Заслышав осторожные шаги в коридоре, Псалтырин вздрогнул и быстро отошел от окна к столу, несколько раз провел руками по лицу, стараясь стереть с него скорбное выражение, и, что-то насвистывая, стал перелистывать бумаги с притворно-деловым видом.
В дверях показался Голубев, или Ирод, как его называл Псалтырин, и почтительно вытянулся, дожидаясь, когда его заметит управляющий. Тот, не поворачивая головы, как человек, не желающий отрываться от занятий, спросил:
— Чего тебе?
— Старшина пришел.
— Ну?
— Просится к вам.
— Пусть войдет.
— Айда! — сказал Ирод, обернувшись назад. Вошел старшина, солидный и благообразный мужчина лет сорока пяти, в длинном сюртуке, с знаком на груди. Помолившись на иконы, он низко поклонился, тряхнул головой и, переступив с ноги на ногу, откашлялся. Псалтырин с веселым, почти беззаботным видом шутливо обратился к нему:
— Тихону Иванычу! Его степенству! Здравствуй, здравствуй!

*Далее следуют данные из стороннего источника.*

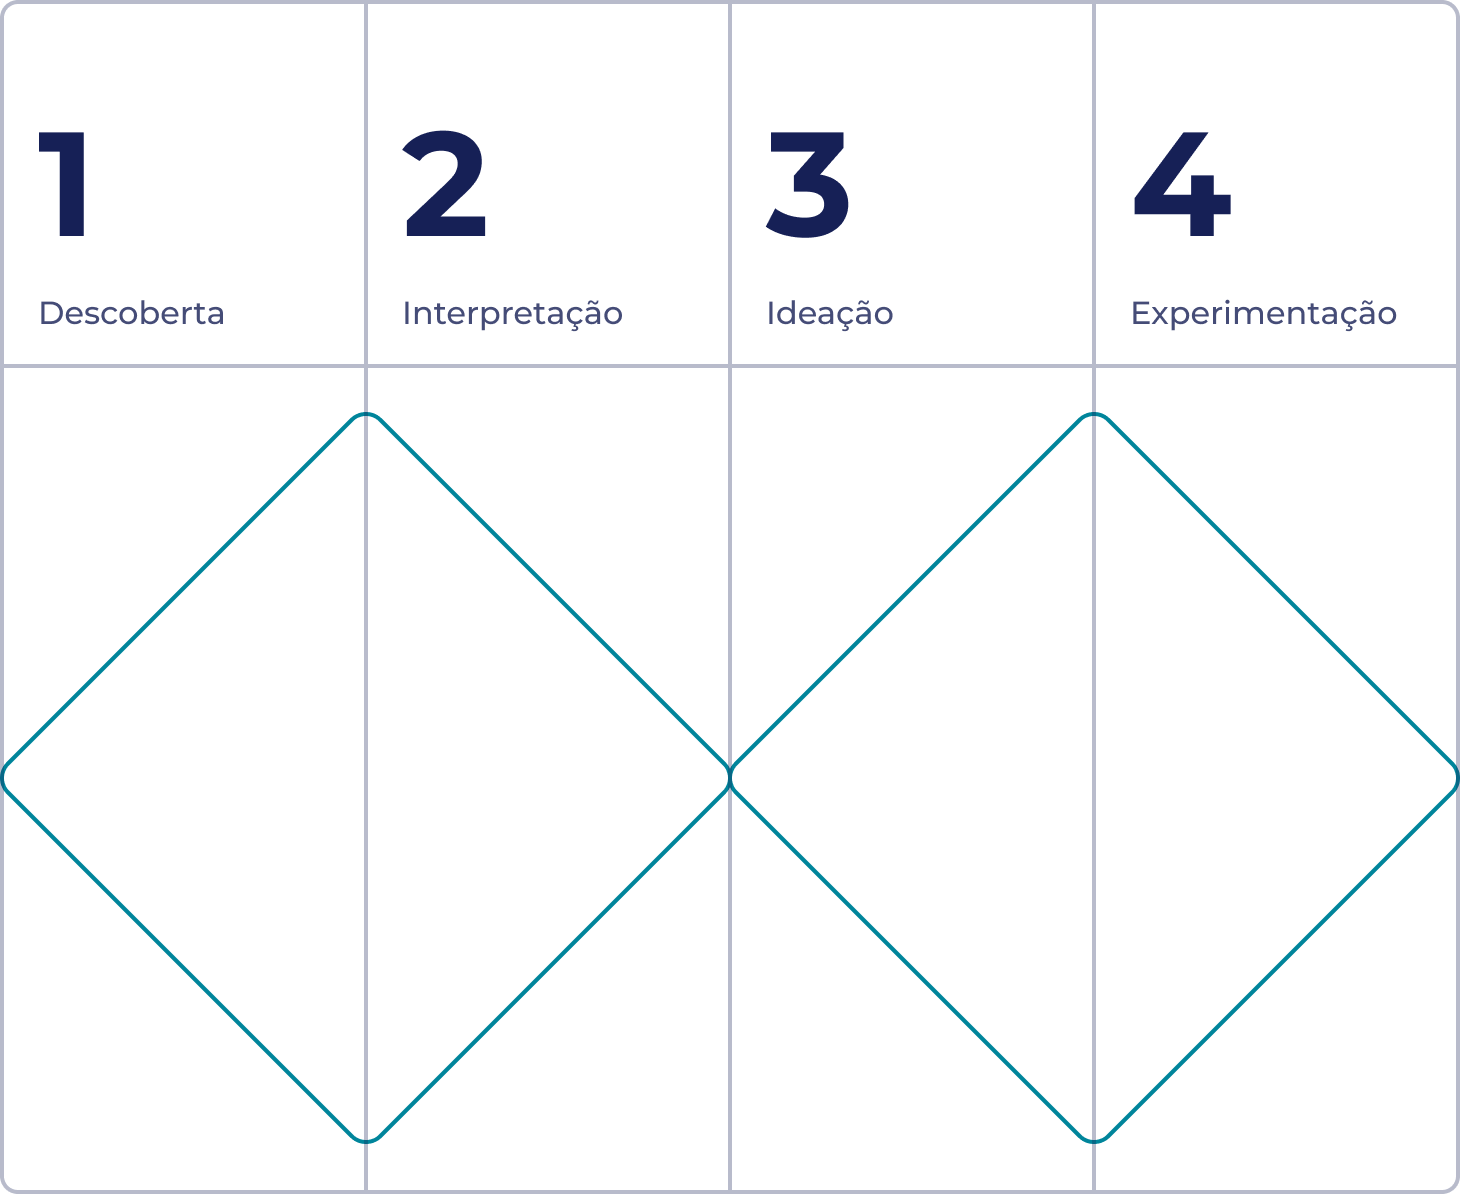 Diagrama com dois losangos dispostos lado a lado. Cada losango está dividido em duas partes, totalizando quarto partes e cada uma dessas partes representa uma etapa da metodologia Double Diamond: descoberta, interpretação, ideação e experimentação.
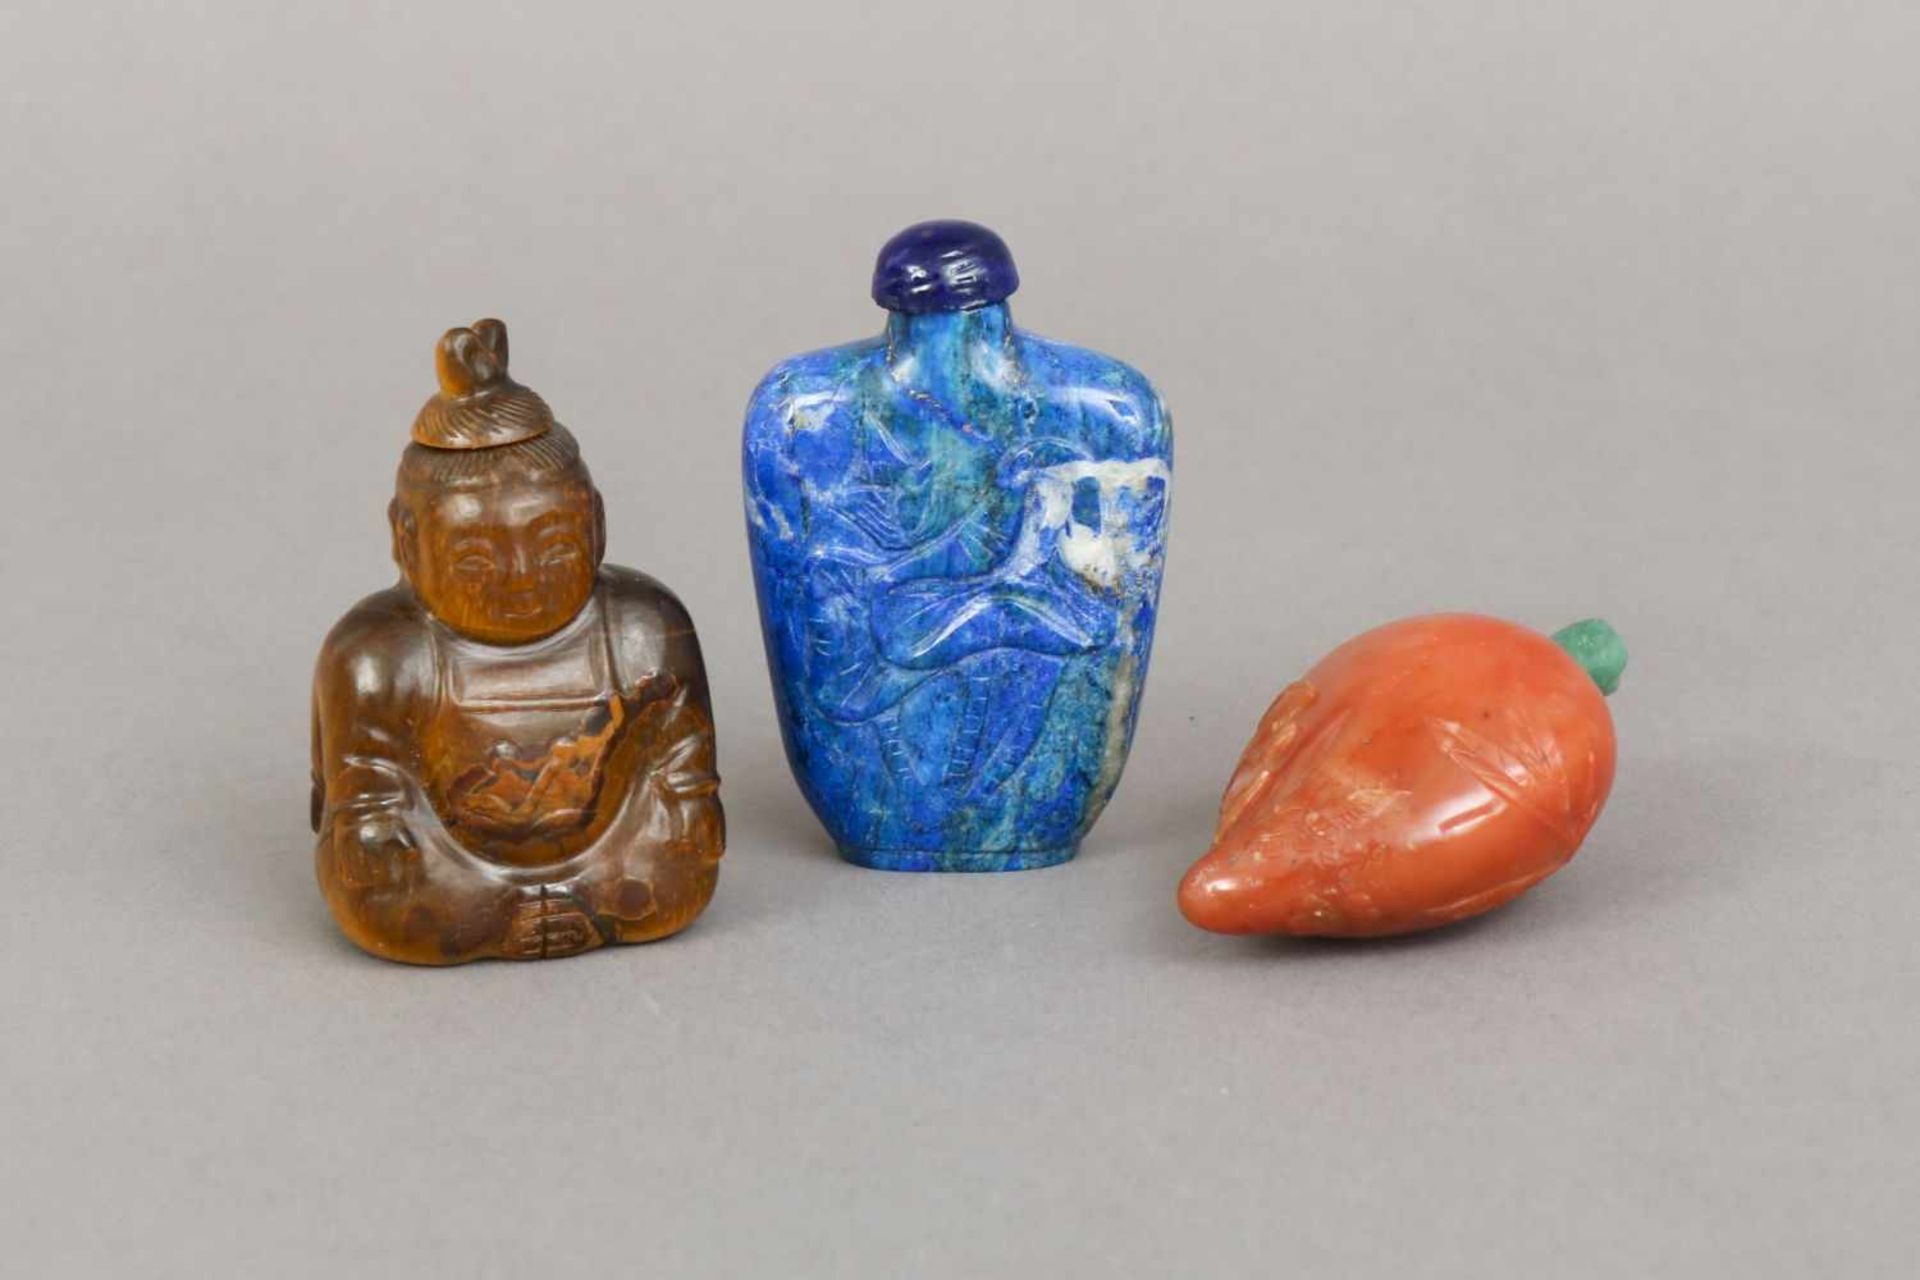 3 chinesische Snuff-bottles, Stein, geschnitzt1x Tigerauge in Form eines Buddhas (beidseitig), 1 x - Image 2 of 3

Старшина еще раз поклонился.
— Как ваше драгоценное?
— Слава богу, живем помаленьку.
— Ну, что скажешь? Голубев, подай стул.
Голубев подал стул. Старшина покосился на него, но не сел.
— Садись.
— Не беспокойтесь.
— Садись, садись.
Старшина крякнул, переставил стул ближе к двери, раздвинул фалды сюртука и осторожно присел на край стула.
— Ну, что скажешь?
— Да что, все насчет того же.
— Насчет чего?
— Насчет тех делов.
— Каких делов?
— Насчет, то есть… извините… насчет лесу.
— Что же насчет лесу?
— Желают охлопотать у вашей милости… народишко… Плачутся — главная статья… Жалость смотреть!.. Сделайте божескую милость, будьте настолько добры!
При этом старшина встал и низко поклонился.
— Скорбь — вот главная причина, — продолжал он:- Сами подумайте — эдакое господнее наказание!..
— Скорбь? Какое пристрастие к жалким словам!.. Скорбь!..
— Сделайте божескую милость! Строиться как теперь надо, время идет. По чужим дворам таскаются, по три, по четыре семьи жмутся в одной избе, — жалость смотреть, а не то ли что…
— Ну, ладно: таскаются, скорбь. Так я-то что же?
— Просят бедность ихнюю пожалеть.
— Ну, жалею и скорбь вашу разделяю. Понимаешь, — жалею, скорблю?
— Конечно… за это благодарим.
— Ну, а дальше что?
— Будьте милостивы до конца, прикажите насчет леску.
— Вам было сказано: рубите, возите, стройтесь на даровщину, грабьте казну с разрешения высшего начальства.
— Так-то так, только ежели с Соболевского, так это что ж? Все одно что ничего. Единого бревна не вывезут: нет туда летом проезду.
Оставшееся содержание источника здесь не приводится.